One time I was trying to explain to a waitstaff at a local roast duck restaurant that I didn’t order the bottle of Evian water that they gave me. Hello, Evian is expensive in any part of the world! There was no way I’d be paying for that! Maybe it’s the favorite bottled water of Americans and European tourists. Unfortunately for them, I’m a cheap Pinoy tourist.

It can be quite upsetting when there is no meeting of the minds on the ideas presented to each other, and I suppose this was why I really couldn’t recover from my illness much more quickly. (I woke up one morning without my voice actually, and to this day, my normally high-pitched soprano is still a bass. Ugh.) I was too stressed, wildly gesturing or trying to endlessly explain to the other person what I needed or wanted information on.

But despite the sometimes distressing moments, there were a number of instances of joy, as well. I found many Chinese, especially the younger generation, always eager to talk to me and willing to help me out any way they could. Of course, for the most part, they all wanted to practice their English on me, which made me even more enthusiastic in speaking with them to help them out in their pronunciations or vocabulary.

(According to my tour guide Lucy, they have to pass some English exams before they graduate from the university, but since they have no one to practice the language with, sometimes they tend to forget the words and meanings. But most of the young Chinese can read English well, and translate the words to their own Chinese characters.)

(With my new friends, salesladies April, left, and Mao-Mao, at the Silk Market. Photo copyright owned by Stella Arnaldo)

This was quite helpful because when I had to buy cough medicine, for instance, the hotel concierge, after Googling the kind I should buy at the pharmacy, wrote its name in Chinese characters so it would be easier for me to make a purchase.

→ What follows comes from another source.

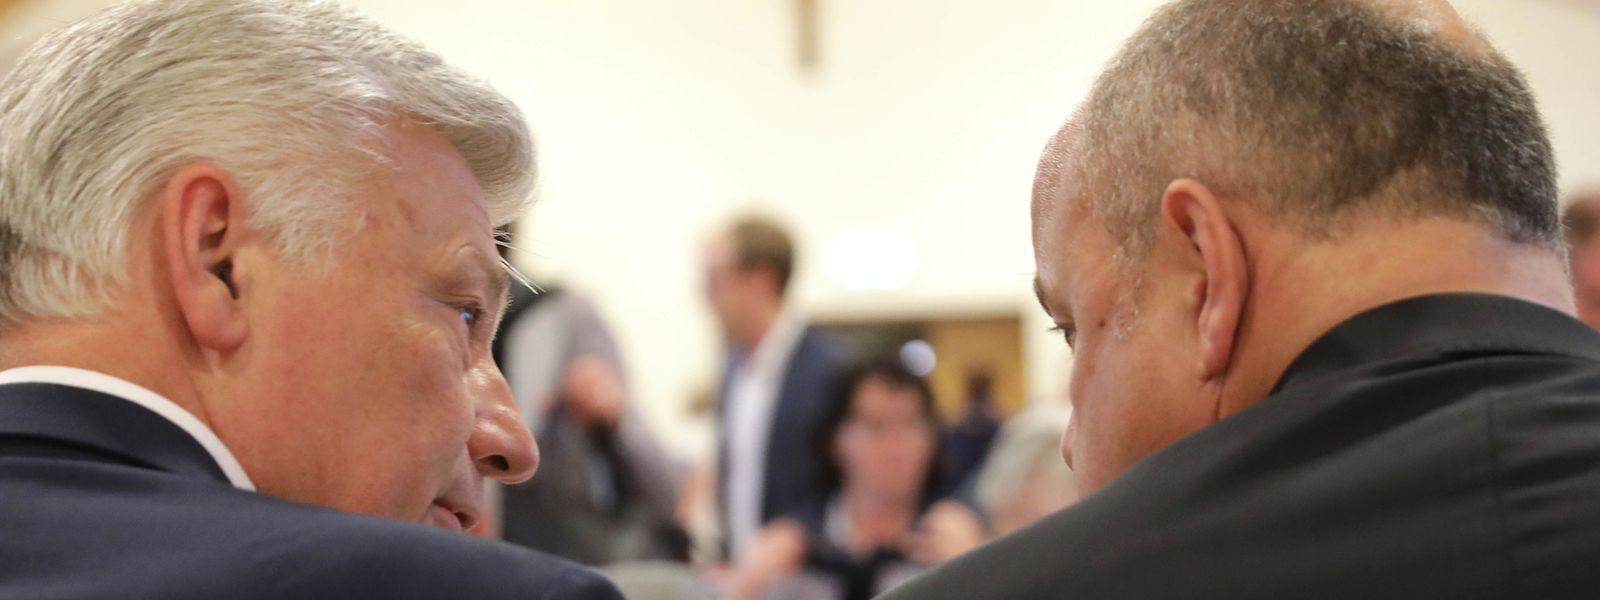 Le 16 octobre 2018 à Luxembourg-Belair: Claude Wiseler (à gauche) et Marc Spautz, les deux figures des élections 2018 se retrouvent face au comité national élargi du CSV.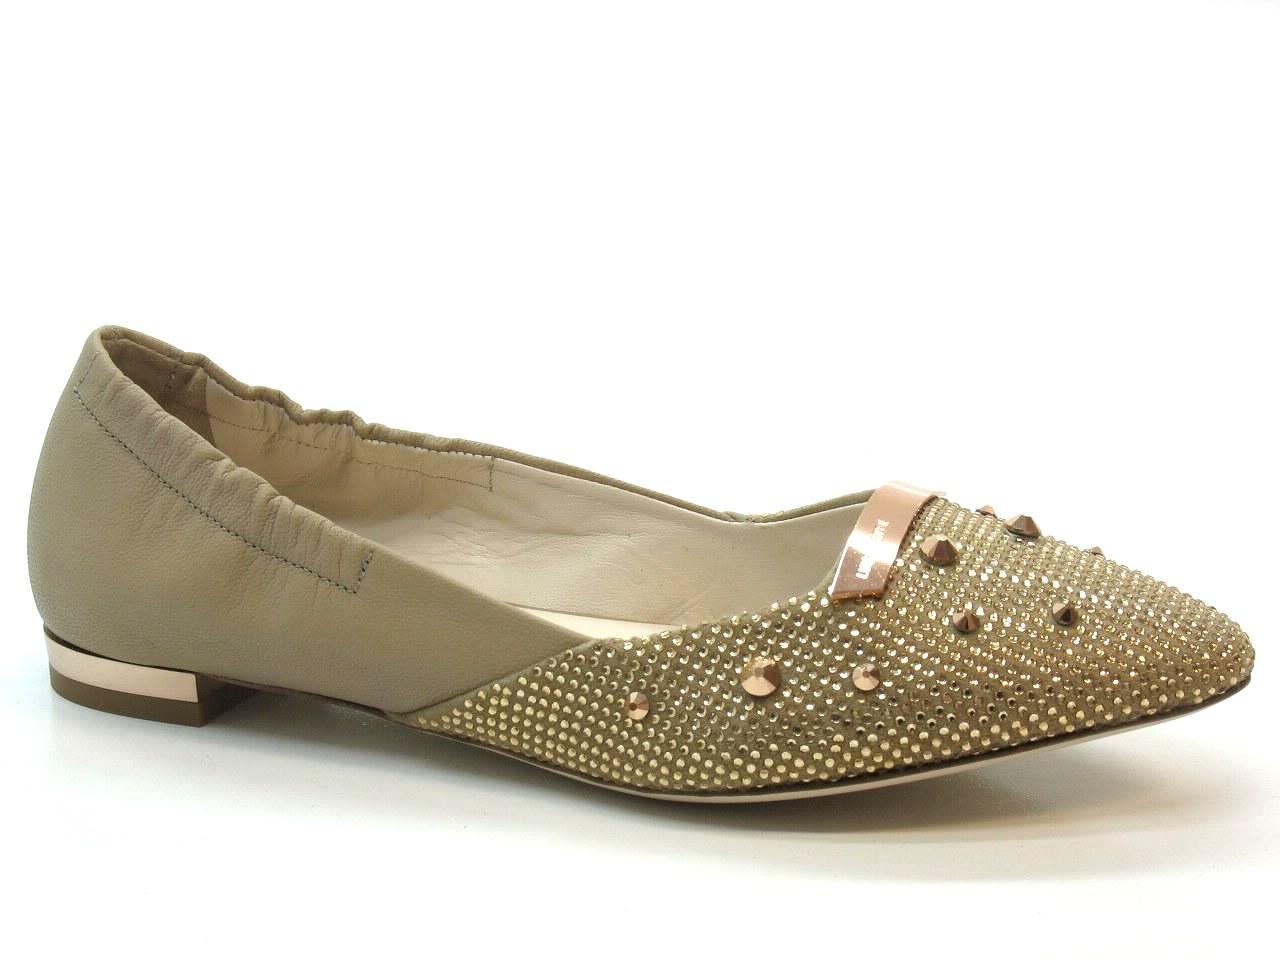 Zapatos Planos, Sabrinas, Mocassins Luis Onofre - 293 2699

And even at the pharmacy, given a choice between two locally-manufactured cough syrups, the pharmacist earnestly indicated which had the more effective formulation by giving a two-thumbs-up.

Also, when I was going around using the subway, the subway guides were always helpful in pointing out what line to take whenever I approached them in a moment of confusion. One female guide in her 20s, wrote everything down for me—in Chinese script and English numerals—all the lines I had to take to make sure I got back to my hotel in one piece.

(An aside: the Beijing subway system is a marvelous mass of interconnectivity, which we should try to duplicate for our metro railway systems. Connections from one line to another are seamless, and all announcements of train stops are made in Mandarin and English so there is very little chance of a tourist getting lost. Also there is an illustrated map of the subway line where each station lights up as the train arrives at the said station.)

Lucy, my tour guide to the Beijing Acrobatics Show, and her driver Mr. Pei also went out of their way to give me a tour of the Water Cube and the Bird’s Nest after the show. I had seen them in the daytime but these two architectural wonders are so much more gorgeous lit up in the evening sky. The latter wasn’t part of our itinerary but it touched me that they wanted to please me so I could take home good memories of Beijing.

Despite the language barrier, Beijing is quite an exciting and pleasant place to be. It’s no wonder so many foreign tourists have gone there, and companies have decided to set up shop. (Of course, the rising status of living of its residents makes them a prime target for foreign consumer goods.)

I will treasure the number of friendships I have formed with the tour guides and sales ladies at the Silk Market (most of whom I promised to bring more customers from Manila), and look forward to seeing them again when I return in the near future. I also cherish my hardworking cleaning ladies on my hotel floor, who never forgot to leave me six bottles of water every day because they knew I was sick, and had difficulty with my cough.

The often befuddling lost-in-translation moments are awkward for sure. But for the most part, I love the Beijingers for their eagerness to learn and educate themselves, and their motivation to please their guests and visitors. I can’t wait to go back.